She winced when the music started playing, and couldn't help but giggle again. It wasn't even good Billy Joel. It was that terrible one from the 80's about cars and Sheryl Tiegs or whoever.

Spike made gagging noises over "Tell Her About It", and she found she couldn't stop laughing. It was just so insane and awful and funny. And it was good to see Spike back to his snarky old self again. Since they'd left the woods he'd been seeming less and less insane every minute, and since they'd left PlethoCorp he was almost sounding like the Spike she used to know. The Spike before the soul, but, like, nicer. She wasn't as worried about him anymore. He didn't seem hopeless.

"Well, Piano Man is a great song..." Angel said eventually, and this brought on another wave of giggles.

They listened to the whole record, and it was fun. Almost normal. Almost like the fantasy road trip she'd been pretending they were on, back in the beginning. She was almost able to forget that it was nothing but a daydream.

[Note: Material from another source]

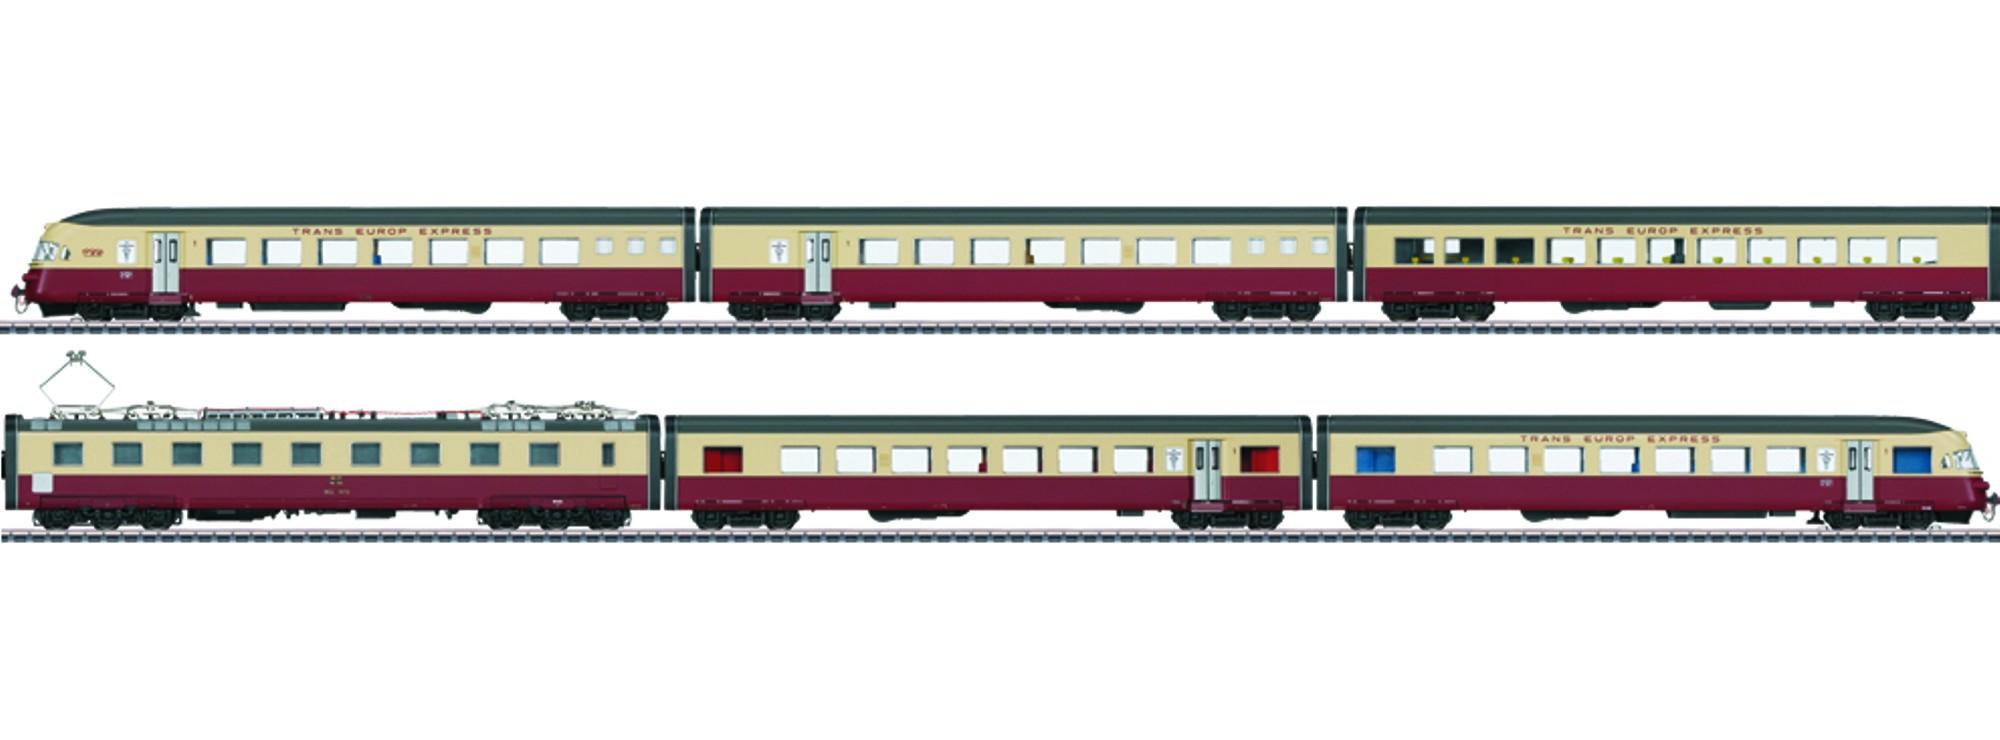 Märklin 37547 Sbb Elektro Triebwagenzug Rae Tee 1052 Cisalpin

When the tape was over, Spike reached into the glove box for another, and she realized she was completely exhausted again. Time to try the sleeping thing, then possibly the eating thing. Angel said there were supplies, and she assumed that meant food.

She told them both goodnight, and crawled back to the bed. It felt amazing- soft and warm and completely bed-like. She drifted off easily to the sound of Spike singing along with Cheap Trick.

When she woke up this time there was another vampire looking at her, but it was a good one- Angel.

He was sitting on the floor next to the mattress, watching her sleep it seemed, which could've been creepy, but wasn't.

There was still music playing. Apparently she'd dozed through all of Cheap Trick and they'd moved on to the Doobie Brothers.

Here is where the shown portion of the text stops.